Comment 0 for bug 1575349

Revision history for this message
Andreas Hasenack (ahasenack) wrote :

I have deployed cs:trusty/rabbitmq-server-43 and the service is stuck:

rabbitmq-server/0 maintenance executing 2.0-beta6 0/lxc/3 10.96.12.161 (config-changed) Waiting for rabbitmq app to start: /<email address hidden>

It's indeed waiting for a pid file to appear:
  965 ? Ssl 0:00 /var/lib/juju/tools/unit-rabbitmq-server-0/jujud unit --data-dir /var/lib/juju --unit-name rabbitmq-server/0 --debug
 6634 ? S 0:00 \_ /usr/bin/python /var/lib/juju/agents/unit-rabbitmq-server-0/charm/hooks/config-changed
 8182 ? S 0:00 \_ /bin/sh /usr/sbin/rabbitmqctl wait /<email address hidden>
 8191 ? S 0:00 \_ su rabbitmq -s /bin/sh -c /usr/lib/rabbitmq/bin/rabbitmqctl "wait" "/<email address hidden>"
 8192 ? Ss 0:00 \_ sh -c /usr/lib/rabbitmq/bin/rabbitmqctl "wait" "/<email address hidden>"
 8193 ? Sl 0:02 \_ /usr/lib/erlang/erts-5.10.4/bin/beam.smp -- -root /usr/lib/erlang -progname erl -- -home /var/lib/rabbitmq -- -pa /usr/lib/rabbitmq/lib/rabbitmq_server-3.2.4/sbin/../ebin -noshell -noinput -hidden -sname rabbitmqctl8193 -boot start_clean -s rabbit_control_main -nodename rabbit@euphoric-hook -extra wait /<email address hidden>

That directory has no such file.

Turns out rabbit failed to start:

# cat /var/log/rabbitmq/startup_log
ERROR: epmd error for host "euphoric-hook": nxdomain (non-existing domain)
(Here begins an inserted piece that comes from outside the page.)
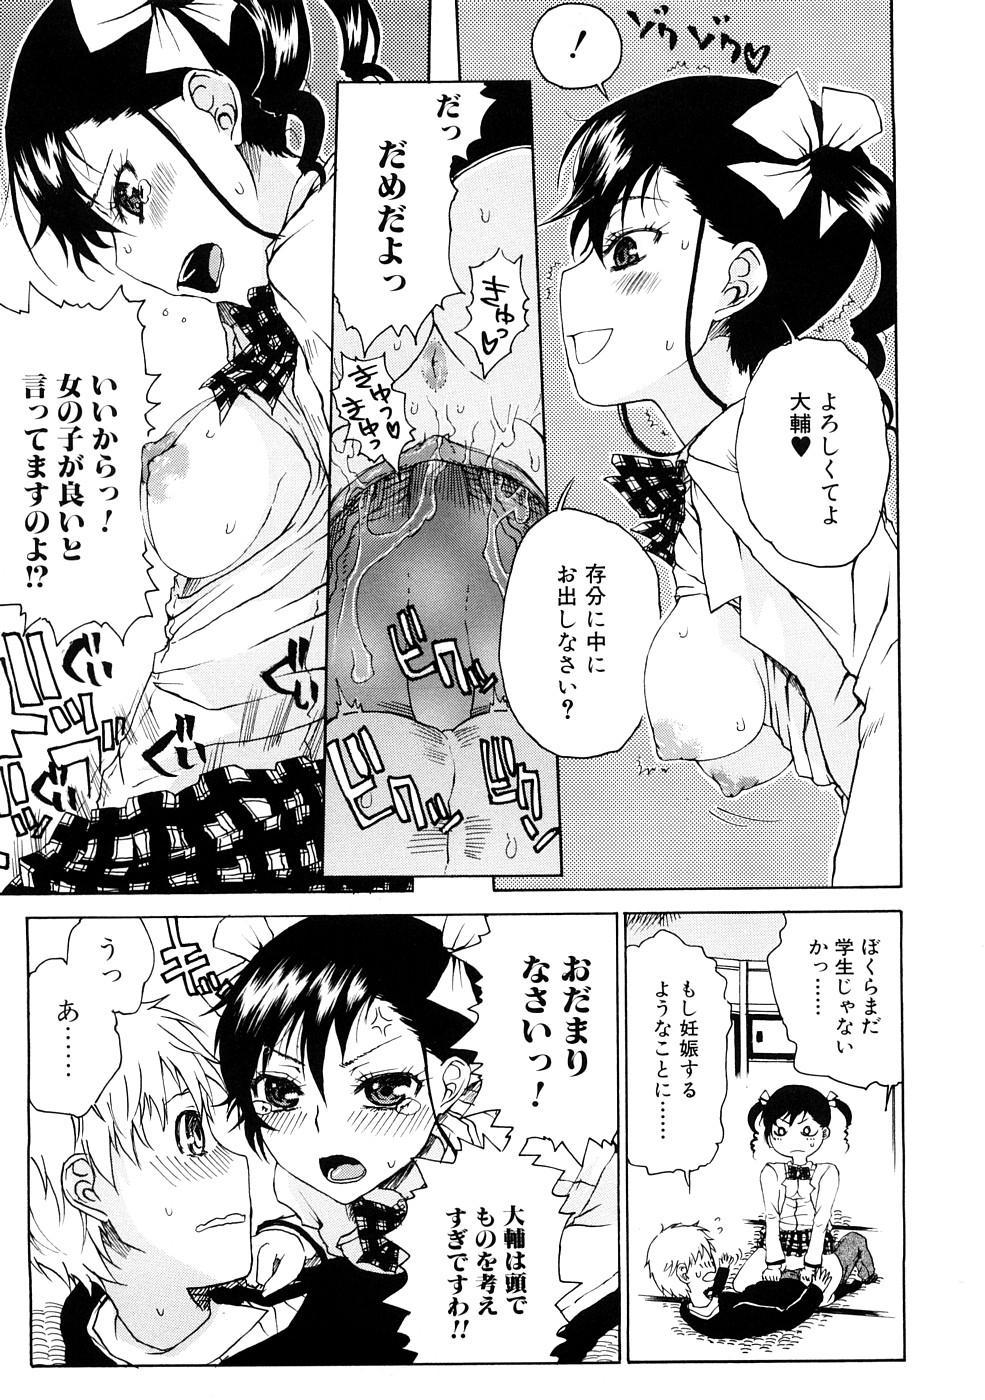 Ecchi de Jibunkatte de Kawaii Ko 46

Somehow that failure was not caught, and now the charm is telling rabbit to wait forever for a pid file that will never show up.

Looking at the charm code, wait_app() is used after a restart in all cases. Something like this:

    service_restart('rabbitmq-server')
    rabbit.wait_app()

So bug number one: the service_restart() failure was not caught.

Bug number two: wait_app() should not wait forever. It should implement a reasonable timeout.